Healthcare in Kenya
Please note, these facts and figures were correct at the time of writing this. Things may have changed by the time you read it.
Discussion of challenges relating to the provision of health care in Kenya
- Most maternal deaths are due to causes directly related to pregnancy and childbirth unsafe abortion and obstetric complications such as severe bleeding, infection, hypertensive disorders, and obstructed labor. Others are due to causes such as malaria, diabetes, hepatitis, and anaemia, which are aggravated by pregnancy. 8.5% of children will die before they reach their fifth birthday; leading causes of death is diarrhoea and malaria.
- Infectious diseases in Kenya are high
- Wide disparities in healthcare – ‘INAEQUATE HALTHCARE INFRASTRUCTURE’ and ‘DISTRIBUTION INEQUALITIS’ presenting major challenges in system development.
- Over 60% of the population live in rural locations – only 14% of the roads are paved.
- Travel is difficult (hills, mu and clay tracks); delivery of even basic healthcare is virtually impossible.
RIDERS FOR HEALTH
Non – government organisation (NGO)
Provide and maintain motorbikes – used to reach patients in outlying communities
Work in Kenya with African Infections Diseases Village clinics. (AIDSVCs)
Operates a grassroots initiative that provides outreach health workers from local community based organisations.
Opened a registered rider & driver training school – trainers develop skills in defensive diving, maintenance and journey planning.
Impact – travel time cut and an extra 20,000 people reached.
Their focus ranges from HIV and AIDS care, supporting orphans, vulnerable children and marginalised groups to water management and sanitation.
(Began general fundraising for children. Barry and Andrea Coleman realised motorbikes were broken down and a nurse told them that they could not give medical help to people outside the village because they were unable to get there. Barry began working with agencies to develop new systems for managing vehicles in different conditions. Andrea began building worldwide support for a new initiative in Africa. It was supported by the motorcycle community).
- Outreach healthcare workers increased field work to four days a week.
- Travel time for riders has been cut from four hours to one hour a day
- an extra 20,000 people across Kenya reached
Riders for Health has now grown to an organisation that has programmes in seven countries across Africa, and improves access to health care to over 12 million people
Kenya and The Millennium Development
Millennium Development Declaration (consists of right goals):
1) Eradicate extreme poverty and hunger
2) Achieve universal primary education
3) Promote gender equality
4) Reduce chid mortality
Kenyan government produced a report stating even with goals – most of them would never be achieved. Although Kenya was committed to making it work.
The report set out a policy plan – help country work to millennium development:
- Plans target public investment opportunities
- Deal with efforts to combat diseases.
The plan was set to run between 10-12 years. It listed targets for public investment opportunities.

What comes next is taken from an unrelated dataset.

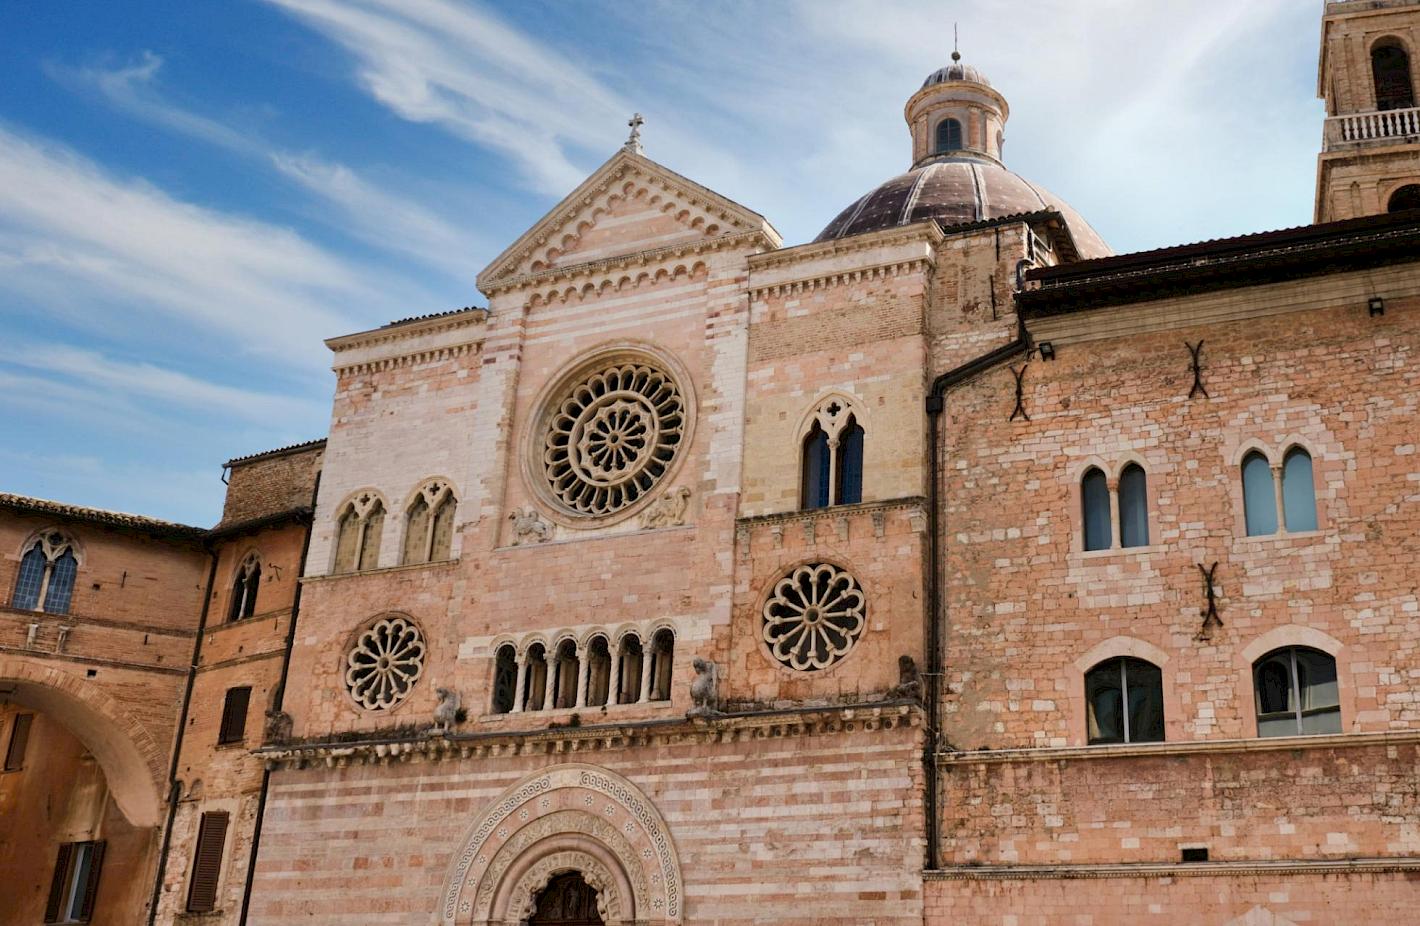 Cathedral in Foligno

In section 6, there were sections on ways in which the country could combat HIV/AIDS.
The report was produced when Kenya had 4421 health facilities -
- 500 hospitals
- 611 Health Centres
- 3310 Sub-centres
The conclusion for the document was –
- Of all the money available, the focus should be on improving the human capacity (in the first three years)
- About 39% should be allocated to operations and maintenance
- About 19% of the costs should be directed towards investments in buildings, roads and other infrastructure.

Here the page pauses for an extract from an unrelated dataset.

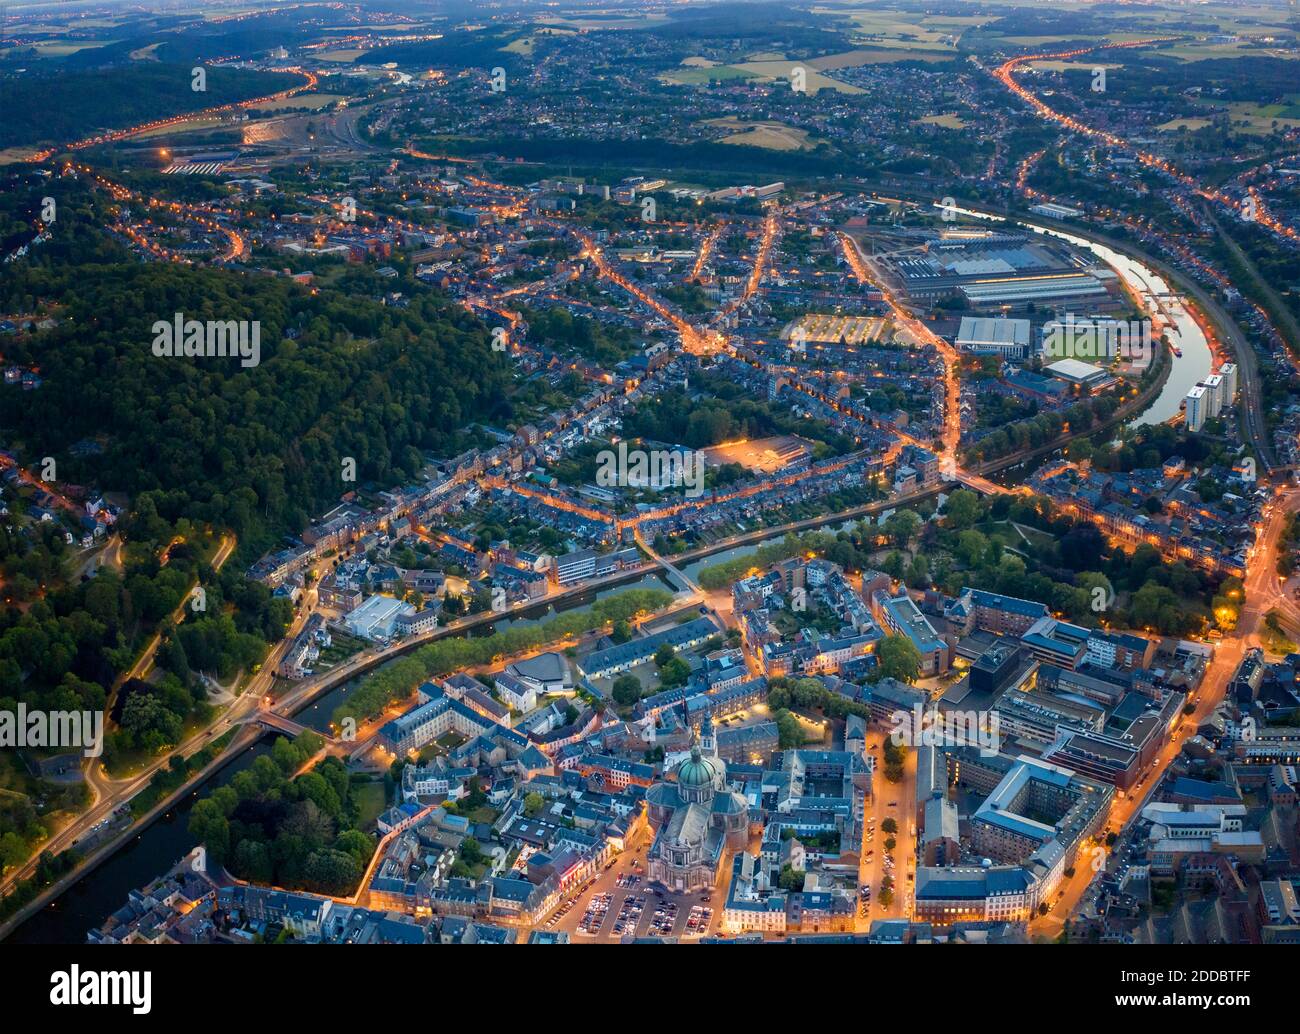 Belgium, Namur Province, Namur, Aerial view of riverside city at dusk Stock Photo

- Then, in the medium term, public expenditures should continue to be directed towards sustaining additional human capital and investing in infrastructure – especially in the major trunk roads and rural access.

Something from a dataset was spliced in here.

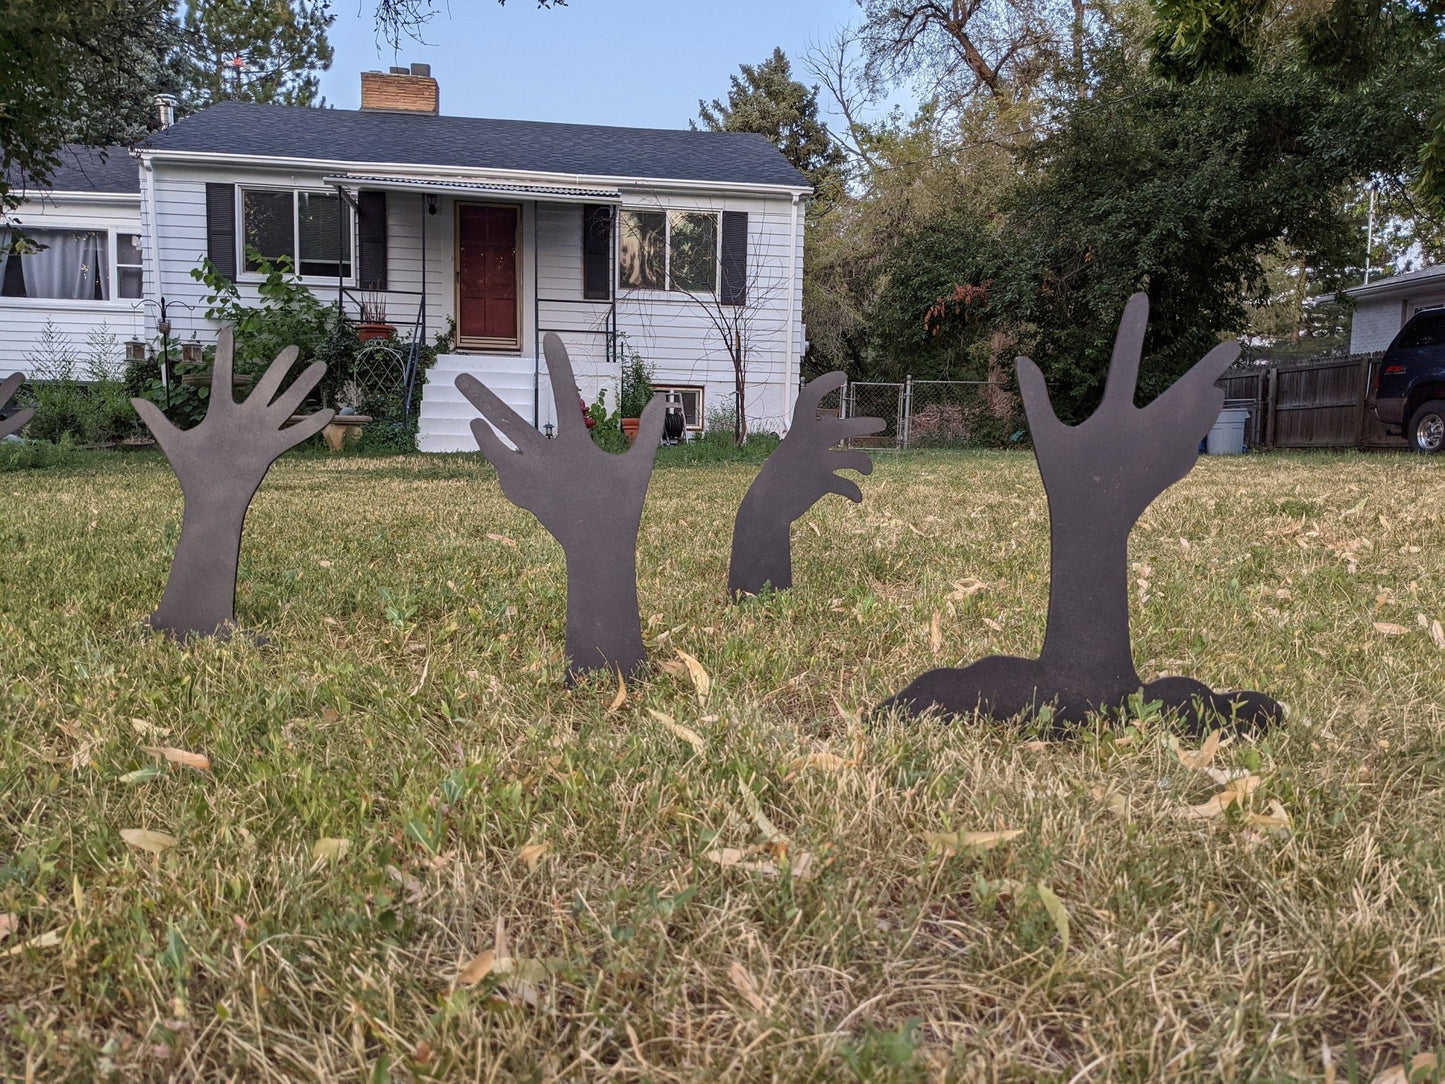 Halloween Scary Zombie Arms Yard Art Decorations (Set of 8) - TitanOakDecor

Kenya Medical Supplies Agency
Pharmaceutical supplies - highly centralised logistics system - many supplies imported through port of Mombasa. These supplies are then sent to warehouses based on the proportion of the country’s population living area. It is then sorted and sent to clinics. Deliveries made by Lorries which have adapted well to main roads in urbanised areas but are unsuitable for the roads in remote areas.
Staffing and resources issues – allocating limited resources to fund whole of country’s healthcare problems. Spending is concentrated on increasing the number of healthcare professionals - shortage of trained staff is obvious. Trained staff are unevenly distributed and the ratio between doctor and patients is much higher in the urban area than in the rural. This is similar with nurses.
‘Rotating Expat Programme’ to attract and develop talent. With this, more professionals from developed areas would join Kenya – meaning this would need help from a partner country from the developing world but would bring in many benefits.
Due to poor communication and infrastructure, here are few opportunities for staff to order supplies according to local demand. Due to the poor transport system, supplies are often late or do not even arrive.
KEMSA need to develop a well-designed and maintained IT system to begin developing the chain system to meet the needs of health workers and regarded to the pharmaceuticals. The delivery system could them be improved with 4X4s.